When I attended the AS course at the Royal National Hospital for Rheumatic Diseases in Bath, the first time, one of the things which really stood out for me in all the sessions which gave us advice and guidance on AS, was the session discussing depression.

The physiotherapists explained that when your nervous system is sending pain signals to your brain, caught up in this, is that your body will release chemicals which affect your mood. So actually pain makes you feel down, depressed, and I know when I was letting this all get to me, I then felt guilty about being depressed. Being absolutely honest, I thought about committing suicide daily, although I would not have done it, I could never have done that to my daughter. I felt guilty though, anyway, because of how my depression impacted on my family, it affected my relationship with my husband and my daughter particularly.

Depression makes your really short-tempered for a start, impatient and intolerant, and it makes you bad company. The depression more than the illness could have destroyed my marriage if I’d let it.

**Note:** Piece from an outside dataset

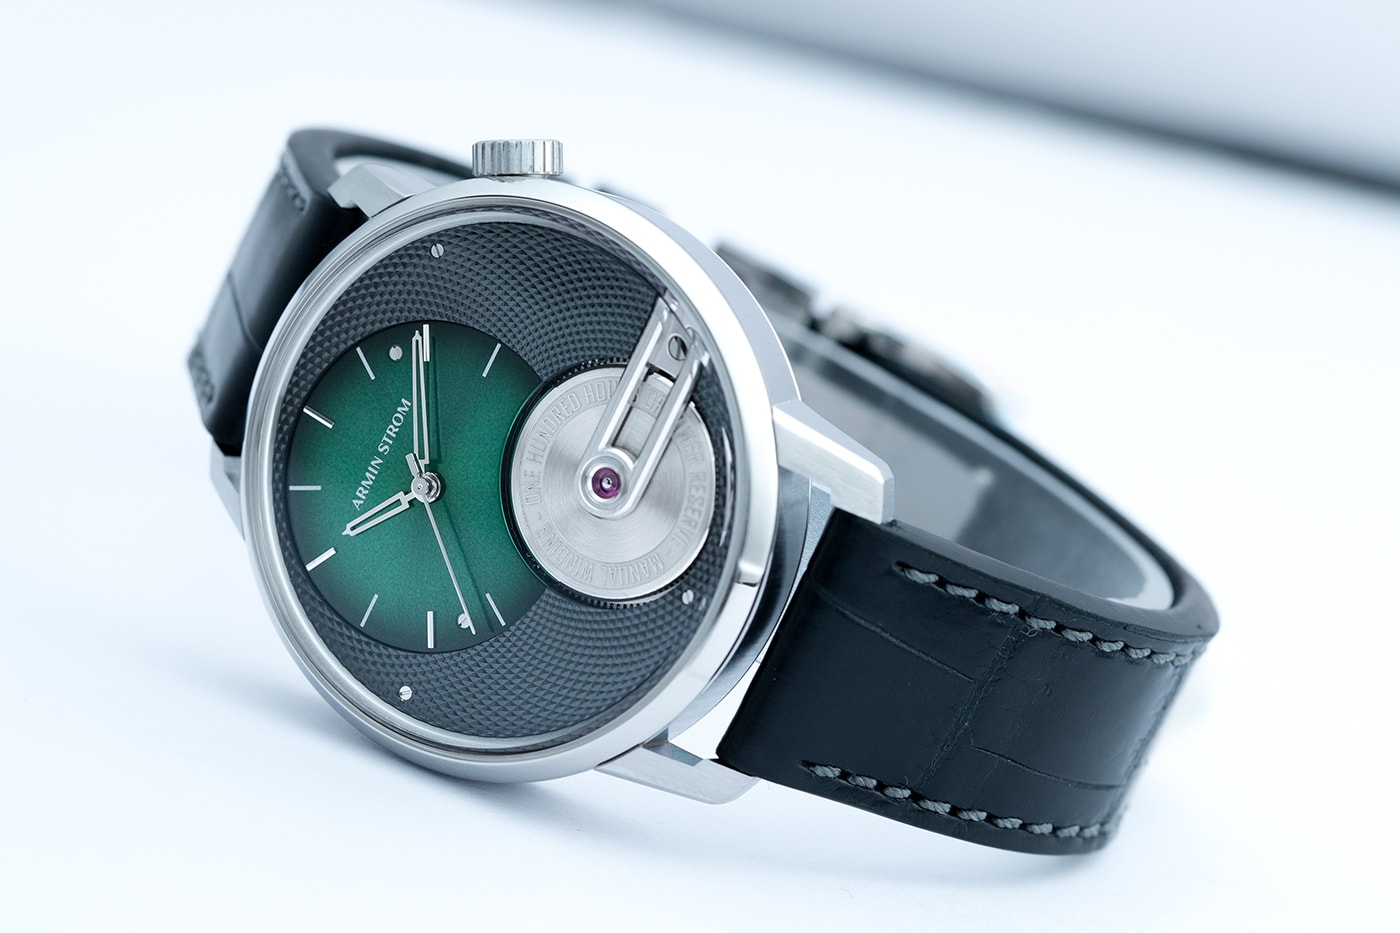 Armin Strom Tribute 1 Fumé Green Watch Limited-Edition Release Info 
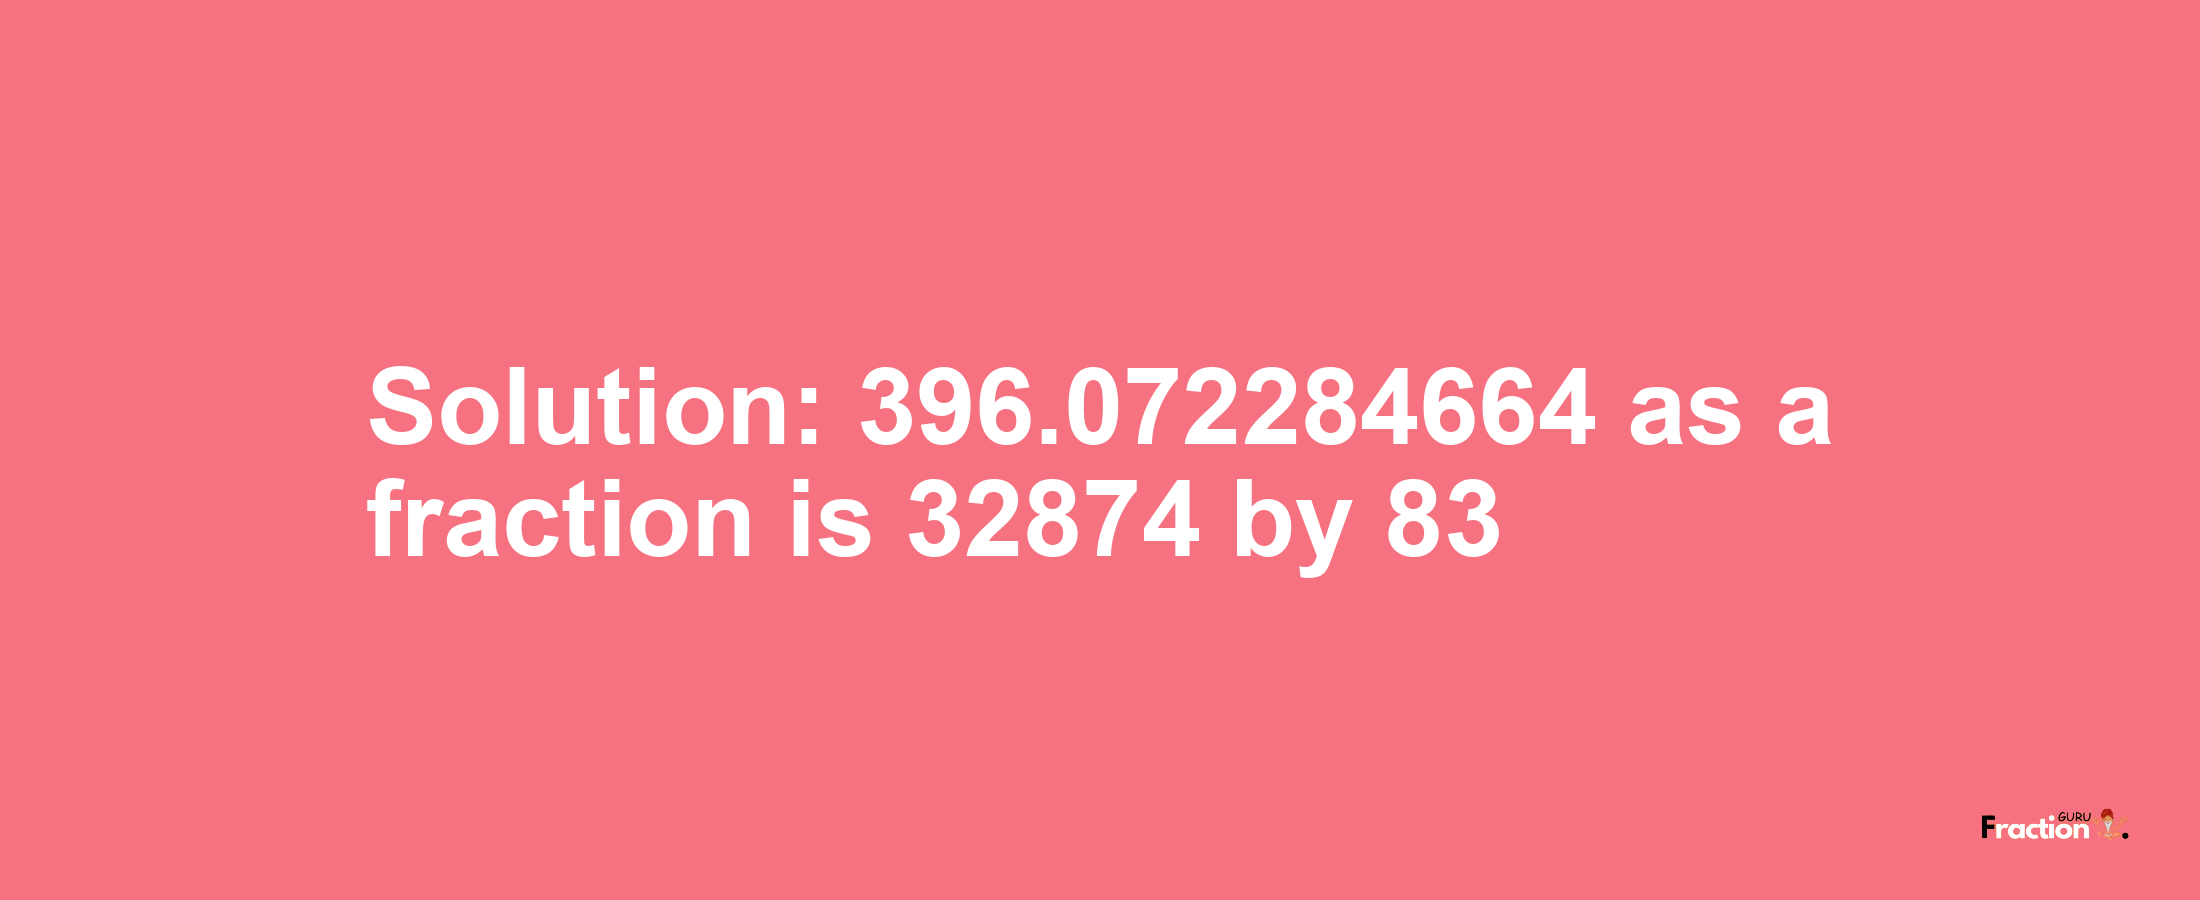 Solution:396.072284664 as a fraction is 32874/83

So, when the hospital told me it was basically just natural to feel depressed when you are suffering with a considerable amount of pain, it lifted the guilt off me. I felt less as though I was just a moaning winger, and more like I was just someone who had a condition they were coping with (which is what I am).

I could have gone on to anti-depressant tablets, I didn’t, I was taking enough medicine, I didn’t want more.

So when I came home I talked things through with my husband.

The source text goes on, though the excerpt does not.